In Charlottesville, where Hingeley opened a public defender’s office for the city and Albemarle County in 1998, he took on one more capital case (which ended in a plea). Most of his cases, however, were for much smaller offenses, and many of his clients, he acknowledges, were found guilty. “The question is, ‘What do you do about it?’” he asks.

When indigent clients have to make restitution, yet also draw jail time, Hingeley says, it creates a catch-22 that traps them in the system—if not sooner, then later as repeat offenders. Hingeley’s office, in partnership with the sheriff’s office, helped develop an inmate work program to help convicted offenders get out of that spiral.

Hingeley says the criminal justice community in Charlottesville and Albemarle is uncommonly successful in working together. In 2007 he and others representing the region’s court and mental health systems adopted the crisis intervention team model, a program for helping police deal more effectively with citizens in the midst of mental health crises. In 2010, the region secured one of just seven national grants for a pilot Justice Department program focused on evidence-based decision-making. “It was a very competitive selection process,” Hingeley says, “and the reason we were selected is that we’d already established this kind of collaborative tradition.”

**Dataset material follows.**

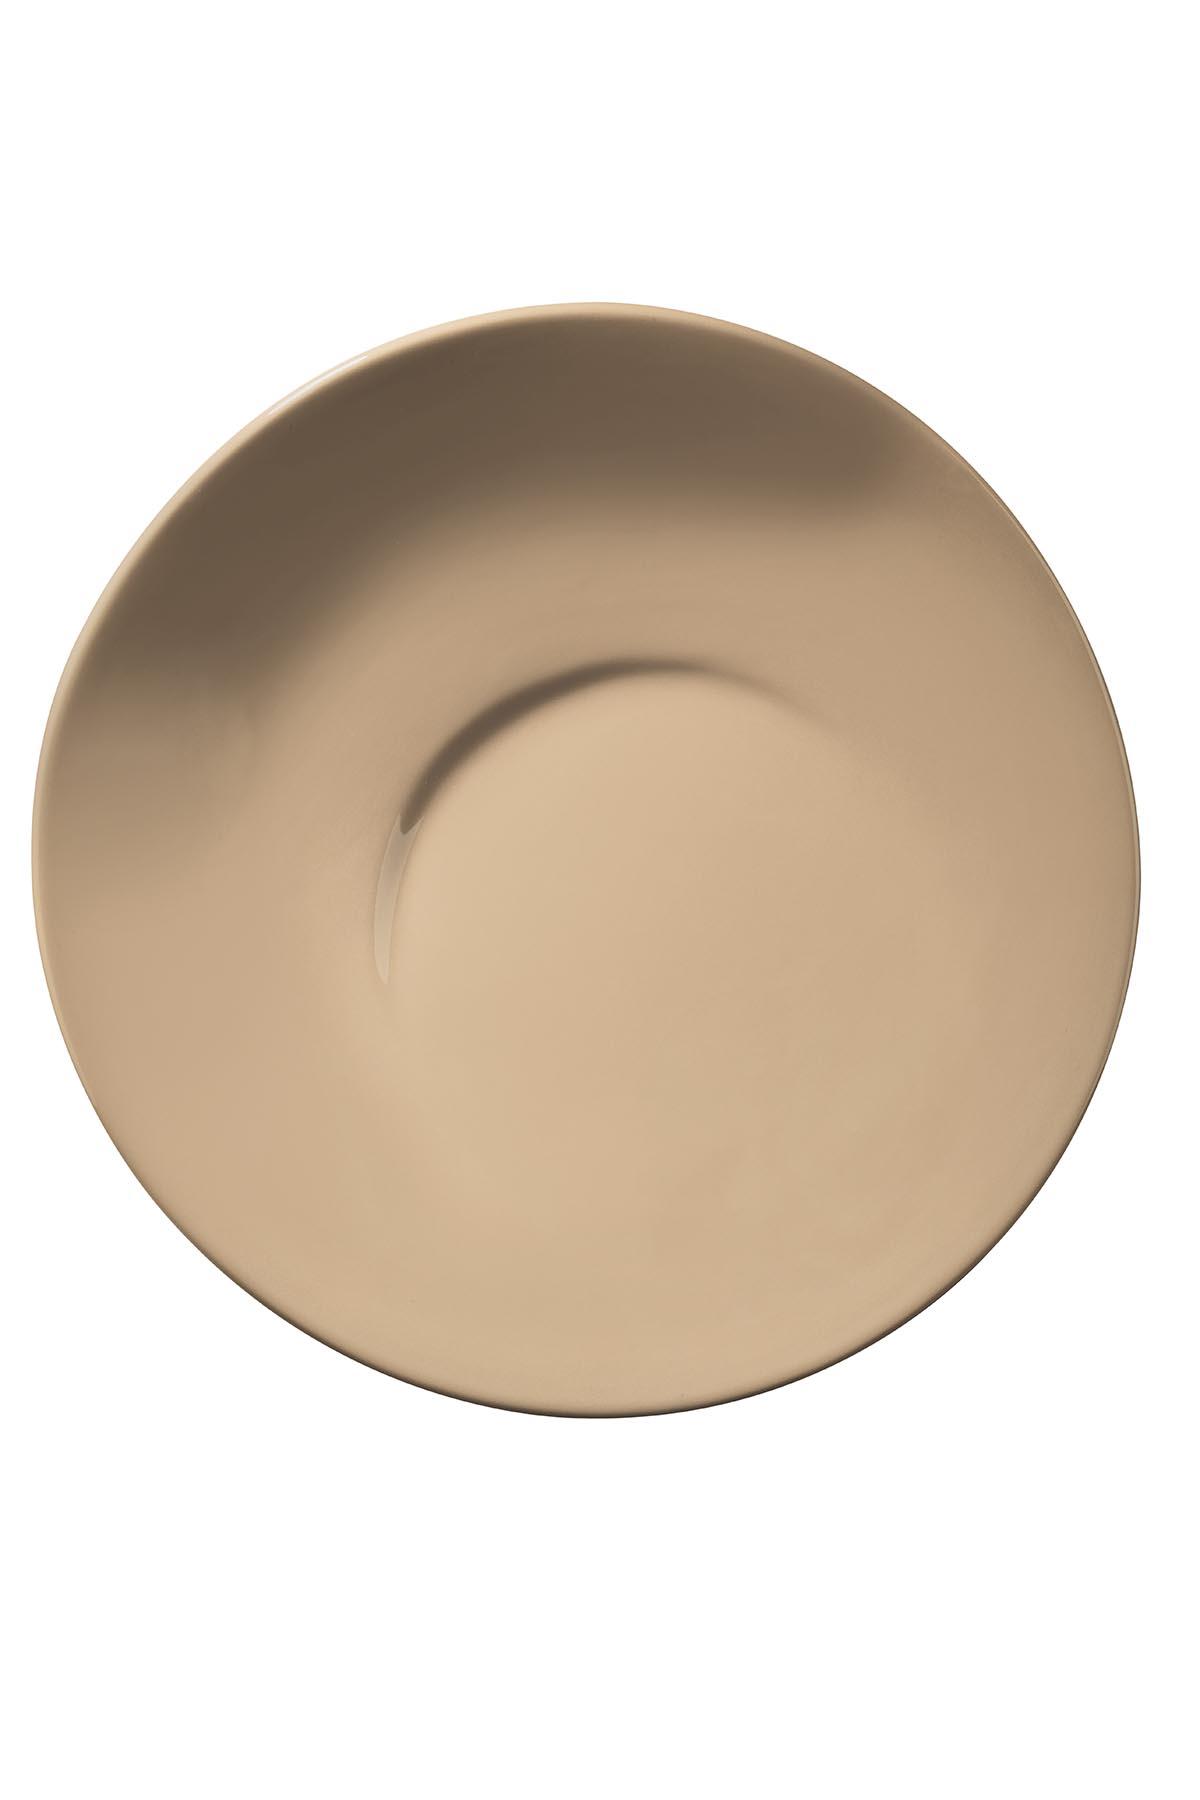 Kütahya Porselen - Aura 20 Cm Düz Tabak Bej
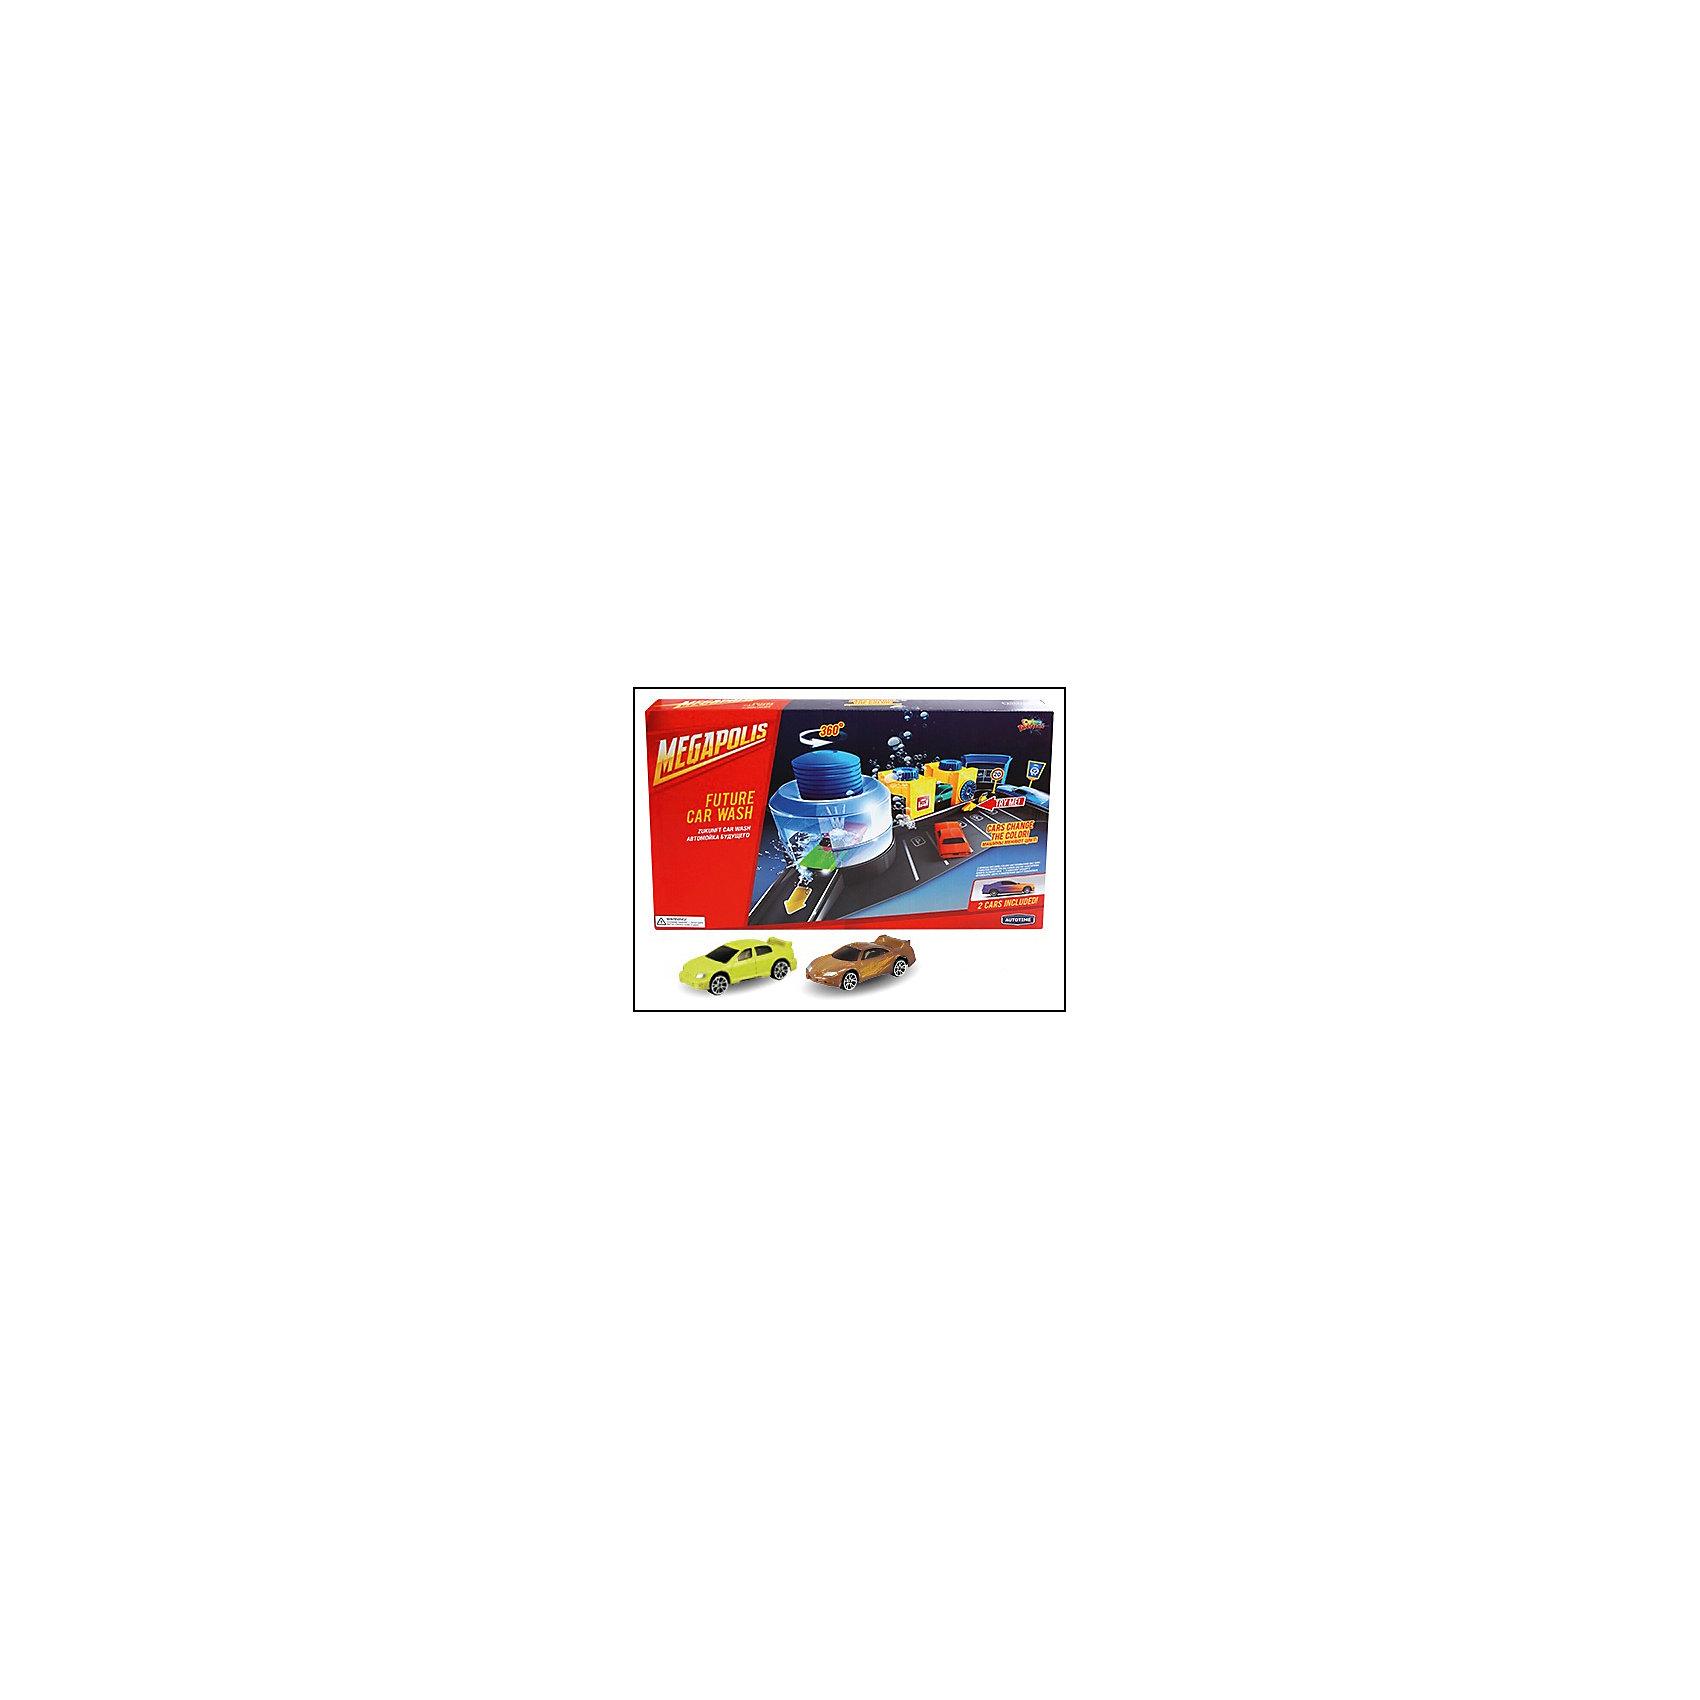 Металлическая машинка Color Twisters Wash-1 с автомойкой, AutotimeМашинки<br>Металлическая машинка Color Twisters Wash-1 с автомойкой, Autotime (Автотайм).<br><br>Характеристики:<br><br>• В наборе: 2 металлические машины, детали для сборки автомойки, наклейки, инструкция<br>• Материал: металл, прочный пластик<br>• Упаковка: картонная коробка<br>• Размер упаковки: 27х42,5х6,2 см.<br><br>Игровой набор Autotime Color Twisters Wash-1 с автомойкой - мечта любого мальчишки! В него входят элементы для сборки автомойки, наклейки для ее стилизации, две металлических машинки светло-коричневого и желтого цветов и схематичная инструкция по сборке автомойки. Автомойка оснащена поднимающимся шлагбаумом, несколькими маленькими отсеками для чистки машин и большим отсеком для водного тюнинга, в который помещается машинка. Сверху большого отсека расположен небольшой бак, который необходимо заполнить водой. При нажатии на него вода начинает выливаться на машинку. Корпус машинок, выполненный из металла, меняет цвет при контакте с холодной водой. Чем холоднее вода, тем интенсивней окрашивание. Изначальный цвет постепенно возвращается при комнатной температуре. Если же ребенок хочет, чтобы цвет вернулся немедленно, достаточно поместить машину в горячую воду. Машинка может частично менять цвет при попадании воды не на весь корпус. Ваш ребенок будет в восторге от такого подарка и проведет много увлекательных часов, играя с этим набором!<br><br>Металлическую машинку Color Twisters Wash-1 с автомойкой, Autotime (Автотайм) можно купить в нашем интернет-магазине.<br><br>Ширина мм: 350<br>Глубина мм: 120<br>Высота мм: 158<br>Вес г: 761<br>Возраст от месяцев: 36<br>Возраст до месяцев: 2147483647<br>Пол: Мужской<br>Возраст: Детский<br>SKU: 5583857

Hingeley has received plenty of accolades over the years, and he has won praise for his soft-spoken style. “He’s an amazing advocate for his clients, but also a very gentle and kind human being,” Assistant Commonwealth’s Attorney Nina-Alice Antony (Col ’07) says. “He invites you to be on friendly terms.”

Kindness and friendliness seem counterintuitive to the adversarial world of criminal justice. Hingeley says that sometimes people ask him how he can represent murderers. The unlikable clients are the exceptions, he tells them. Most of his clients, he genuinely likes. More than anything, helping them is what kept him doing this work.

“The vast majority are good people who’ve just gotten in some trouble,” he says. “With a little bit of help, they could put their lives back together and be good citizens.”